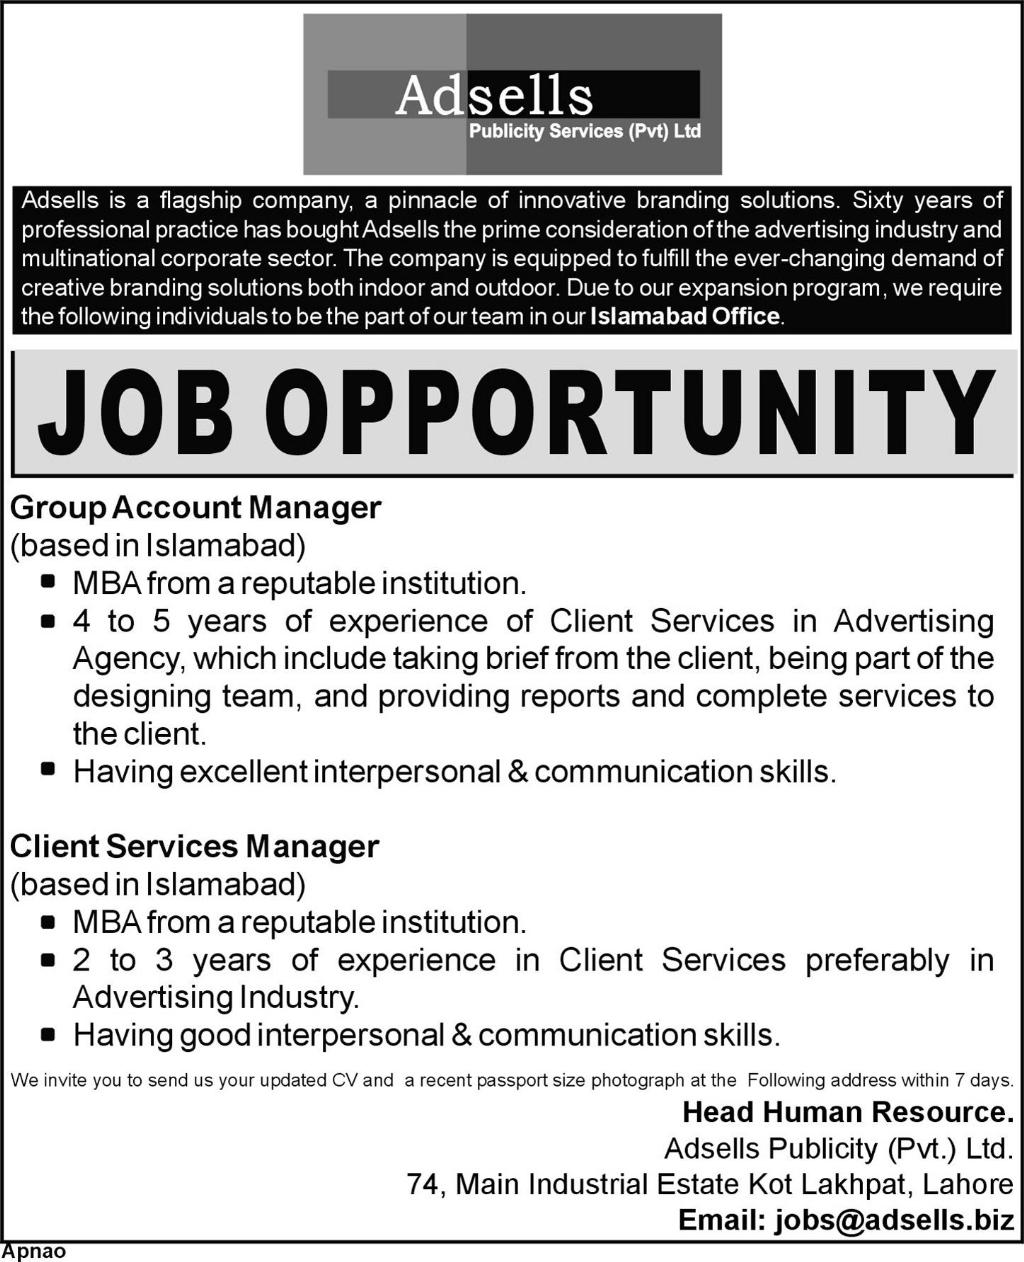 Adsells Publicity Services Pvt Ltd Required Managers
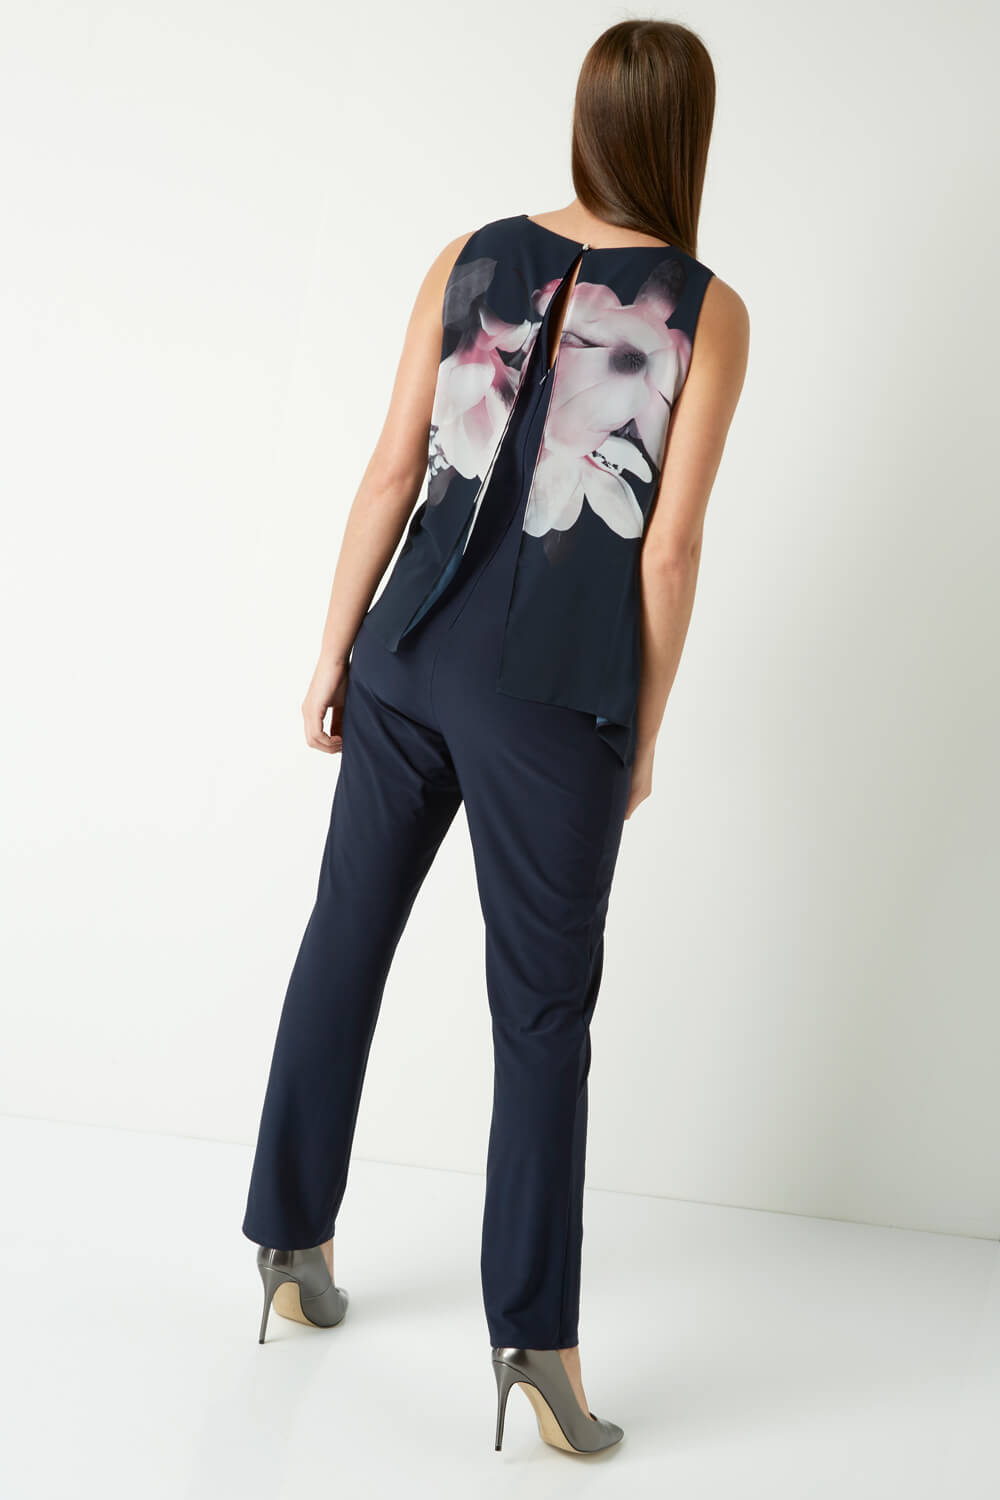 Navy  Floral Print Chiffon Overlay Jumpsuit, Image 2 of 4
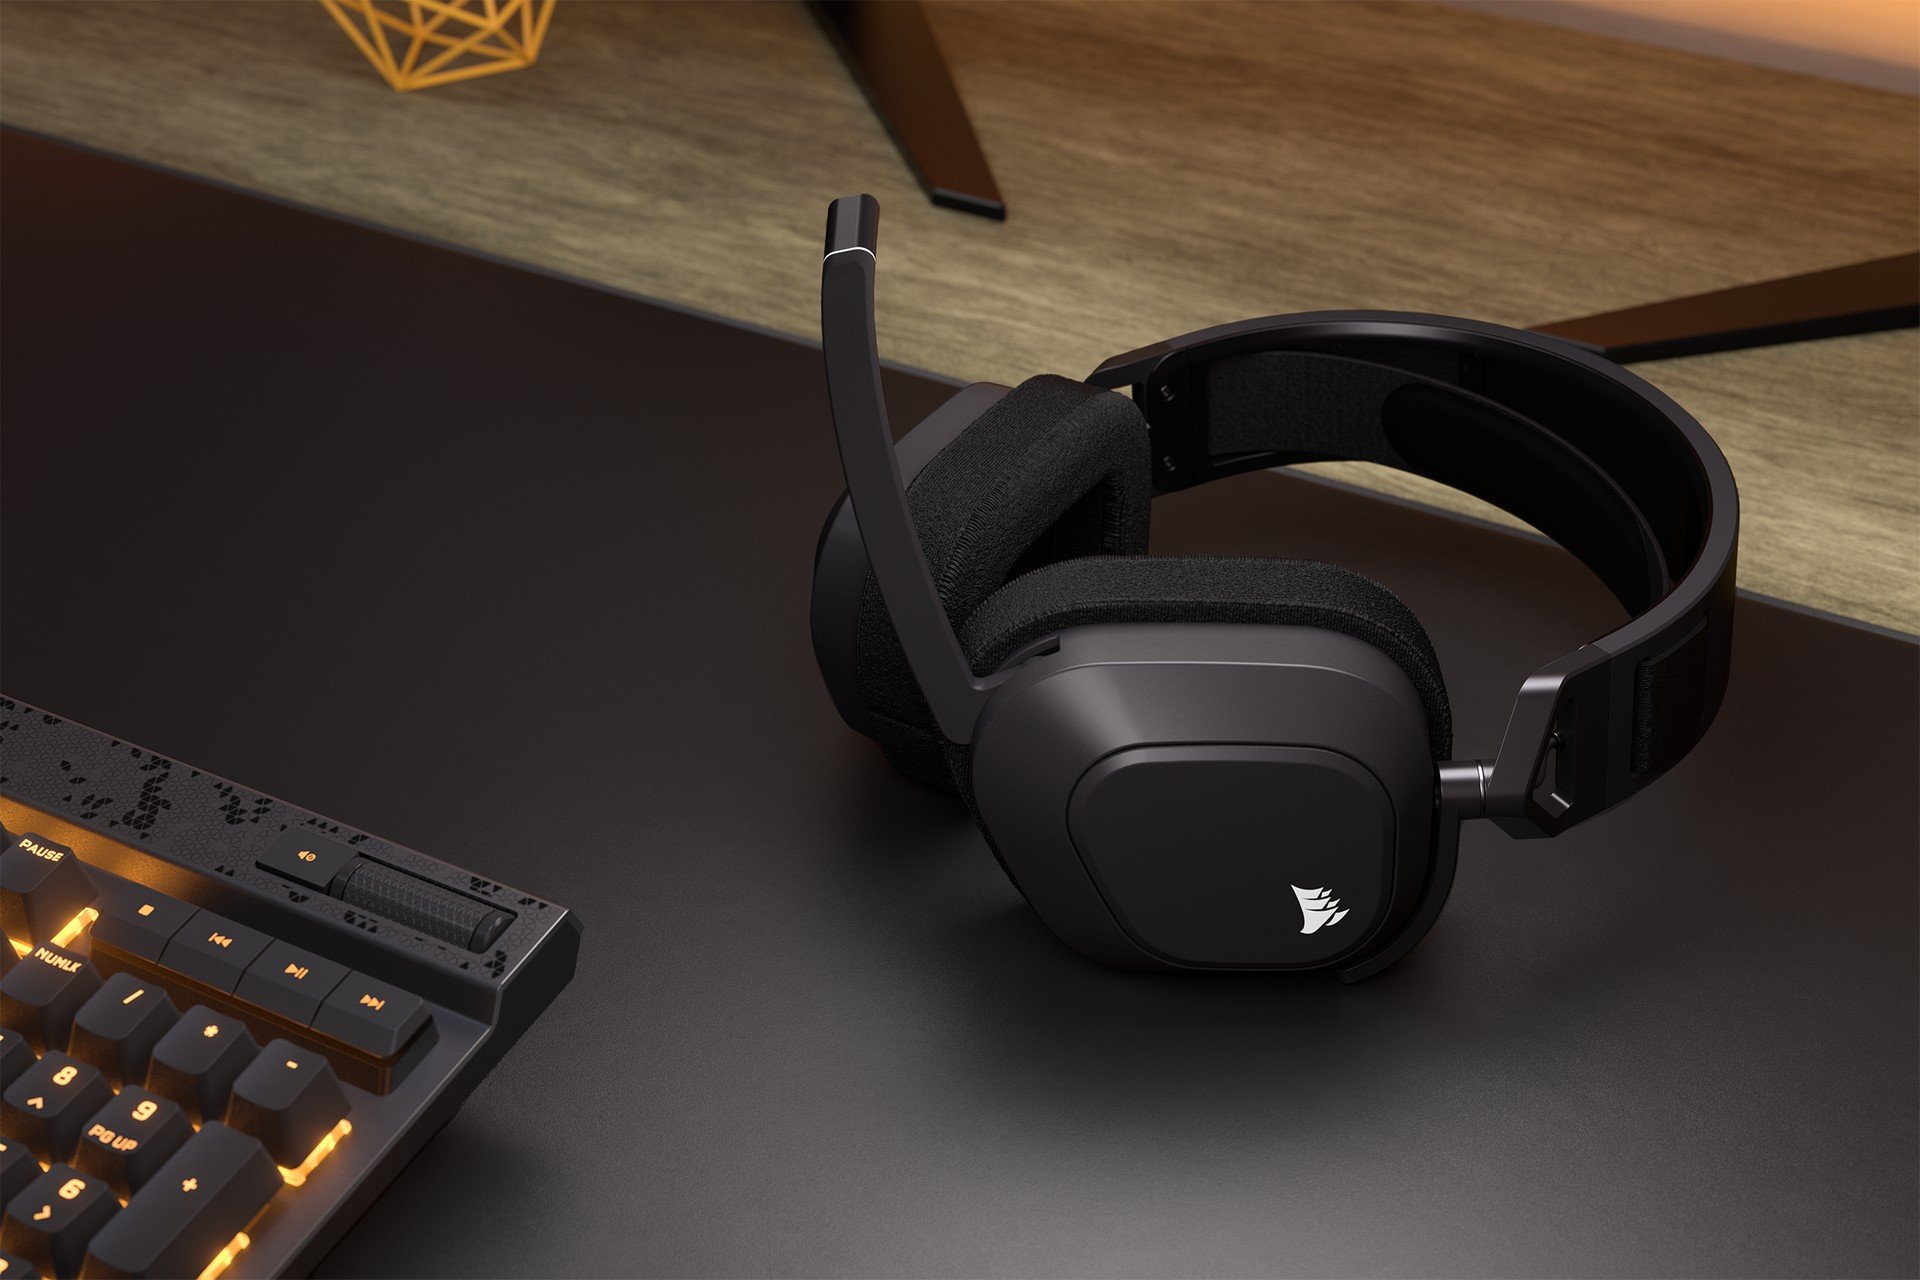 More information about "Corsair HS80 Max Wireless Gaming Headset Review"
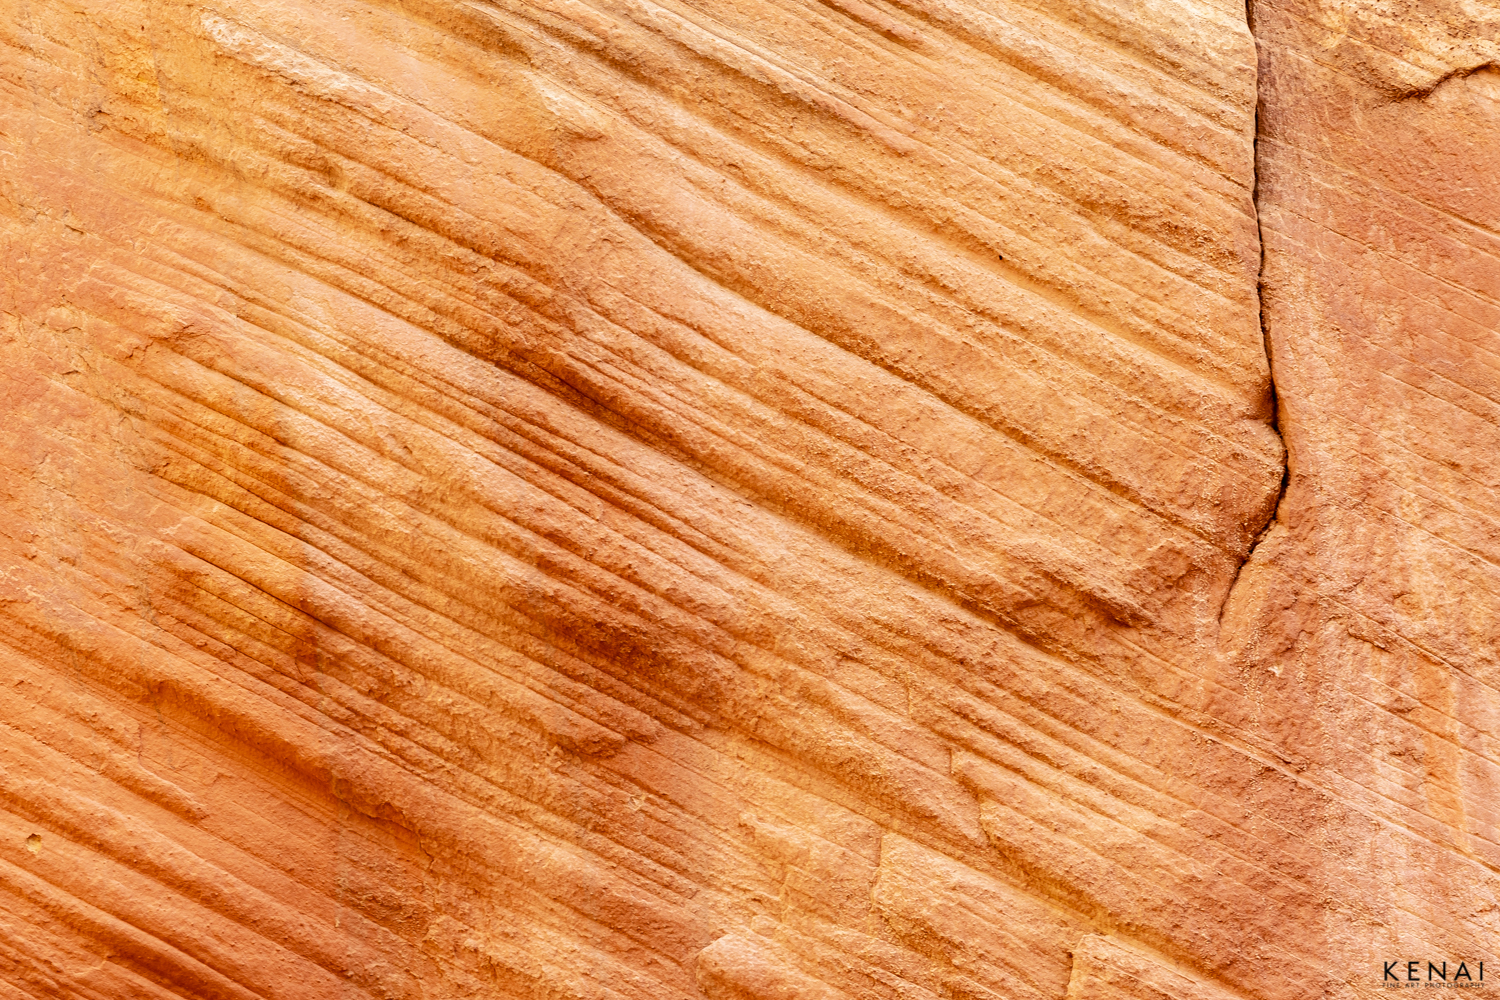 Sandstone layers formed under high pressure and millions of years in Capital Reef National Park, Utah.

▶ _Problem_: Each line above has to be returned exactly. Drop the pictures.

▶ _Task solution_:
 Adsells Publicity Services Pvt Ltd Required Managers
 Navy  Floral Print Chiffon Overlay Jumpsuit, Image 2 of 4
 More information about "Corsair HS80 Max Wireless Gaming Headset Review"
 Sandstone layers formed under high pressure and millions of years in Capital Reef National Park, Utah.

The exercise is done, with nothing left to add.